Premiere: Tartuffe, der schmierige Jammerlappen
In Frankfurt inszeniert der designierte Düsseldorfer Intendant Staffan Holm Molière.
Frankfurt. Tartuffe weint. Er jammert, kriecht und buckelt. Dieser Tartuffe ist kein bigotter Lebemann, sondern ein heuchlerischer Jammerlappen, der mit der Mitleidsmasche Orgons Gattin und Geld erobern will. Staffan Valdemar Holm hat Molières Komödie am Frankfurter Schauspiel inszeniert - die zweite Regiearbeit des Schweden in Deutschland. Ab Sommer 2011 wird er das Düsseldorfer Schauspielhaus als Intendant übernehmen.
Holms stellt seine Regiearbeit in den Dienst des Stückes, versucht nicht, allzu gewollte Bezüge zur Finanzkrise und zum Bankenstandort Frankfurt herzustellen.
Der Schwede ist ein guter Handwerker, der Texte genau liest und offensichtlich sehr präzise mit Schauspielern arbeitet. Beim Frankfurter Ensemble sitzt jedes Zucken, jeder Augenaufschlag. Das macht diesen "Tartuffe" sehr körperlich, denn viele Emotionen werden über Bewegungen transportiert.
Nur Anfang und Ende der Komödie spielen in einem schicken Salon, der ganze Mittelteil dagegen vor einem weiß geschwungenen Vorhang an der Rampe. Das unterstreicht die direkte Wirkung der Inszenierung, deren handfester Humor sich sofort auf das Publikum überträgt. Wenn sich der schmierige Tartuffe (Wolfgang Michael) geil grimassierend auf die Hausdame (Franziska Junge) stürzt, Tochter Mariane (Henriette Blumenau) sich angesichts der Tatsache, dass sie Tartuffe heiraten soll, in Schmerzen windet, ihr Liebhaber (Christoph Pütthoff) verzweifelt herum stampft, verkommt Molière nie zur billigen Klamotte, sondern offenbart immer auch die tiefe Verzweiflung der Figuren.
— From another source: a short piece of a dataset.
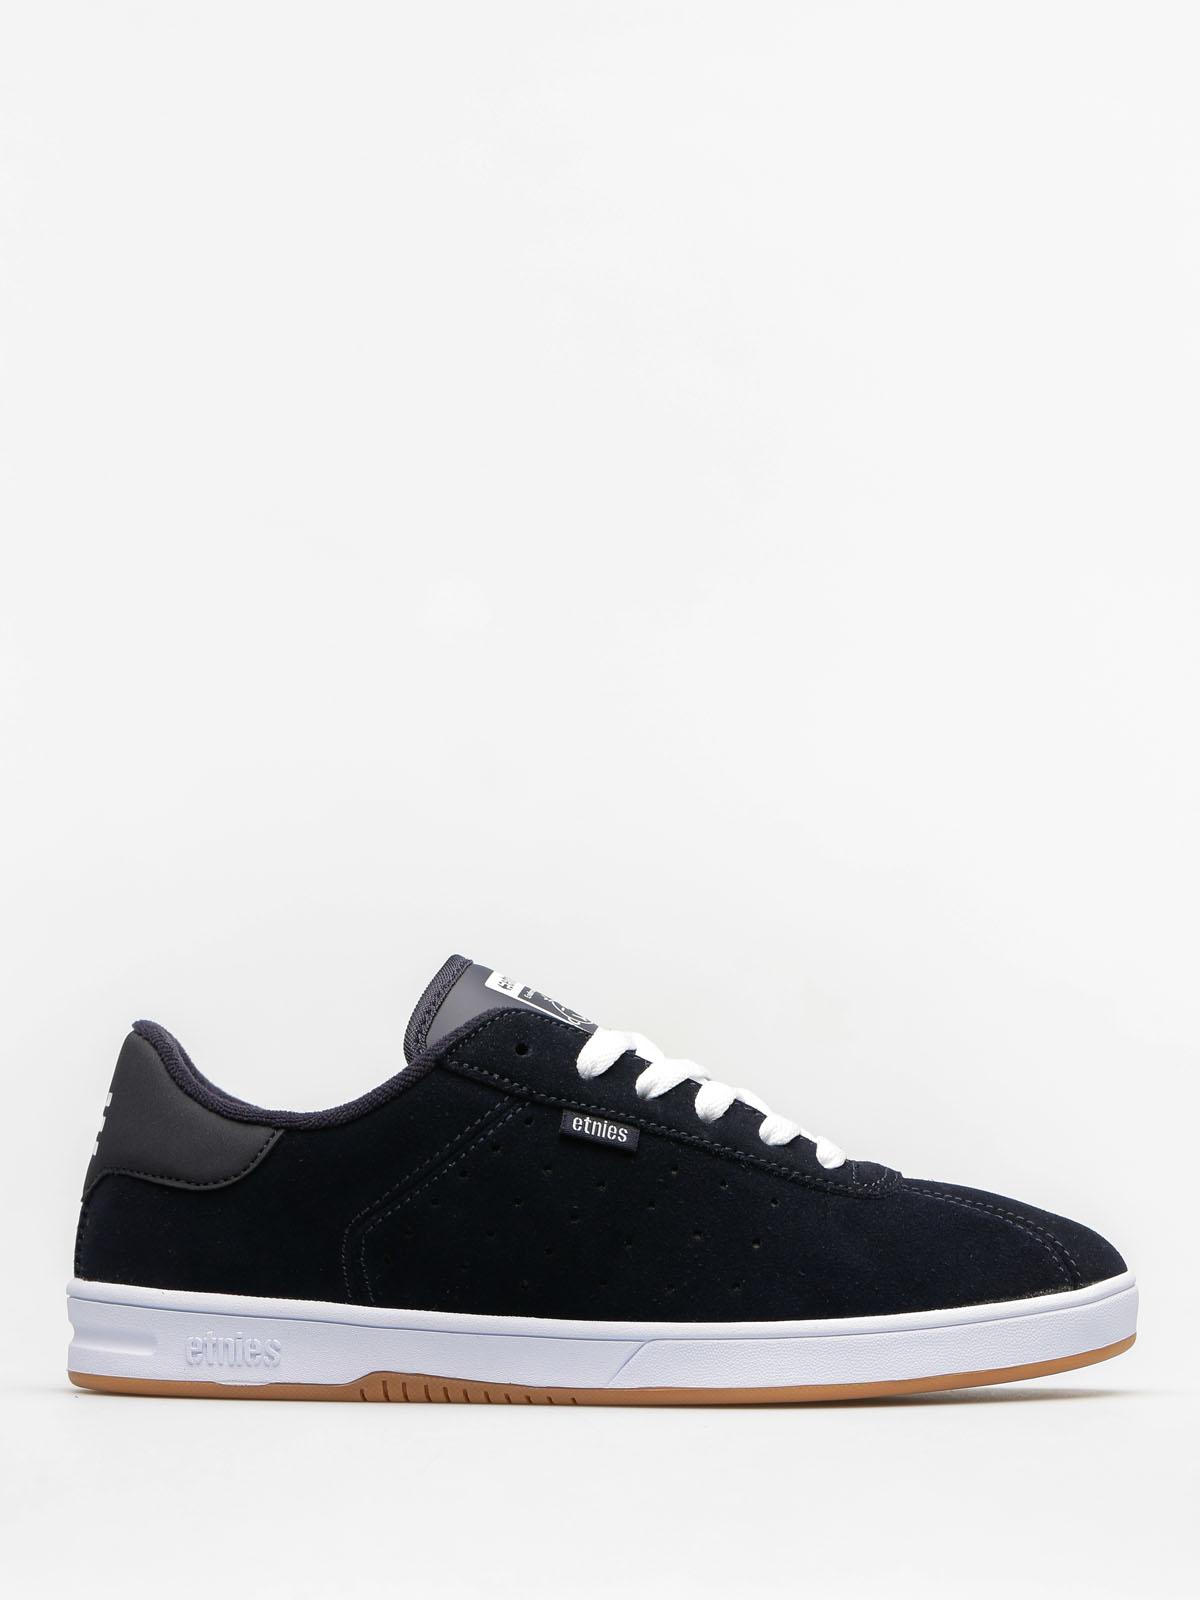 a3a45ed1a8 Etnies Shoes The Scam (navy white gum)

Der starke Applaus für Michael Abendroths Orgon beweist, dass der beliebte Düsseldorfer Schauspieler schon sein Publikum in Frankfurt gefunden hat.
Obwohl Holm lieber Tragödien inszeniert, hat er sich auf Molière eingelassen. Eine Komödie zu inszenieren, sei wie Musik: "Man muss sie ganz exakt spielen." Komödien seien brutaler als Tragödien, kälter, deshalb inszeniere er eigentlich lieber Tragödien. "Ich bin ein weicher Mann", erklärt er schmunzelnd im Interview vor der Premiere.
Seine Neugierde habe ihn nach Deutschland getrieben. Schließlich sei das deutsche Theatersystem immer noch vorbildlich und Deutschland das einzige Land, "in dem das Theater immer noch das Herz einer Stadt repräsentiert". Er plant, das Düsseldorfer Schauspielhaus international zu vernetzen: Holland, Belgien, Frankreich seien ganz nah. Internationale Regisseure will er ans Haus am Gustaf-Gründgens-Platz holen, das er für seine ungewöhnliche Architektur schätzt.
"Ein Juwel", schwärmt der 52-Jährige Schwede, "wunderschön". Bald schon zieht er nach Düsseldorf und will "die einzelnen Stadtteile durchstreifen", sagt Holm in flüssigem Deutsch. Denn ein Stadttheater muss im Lokalen verankert sein, auch wenn es sich global ausrichtet.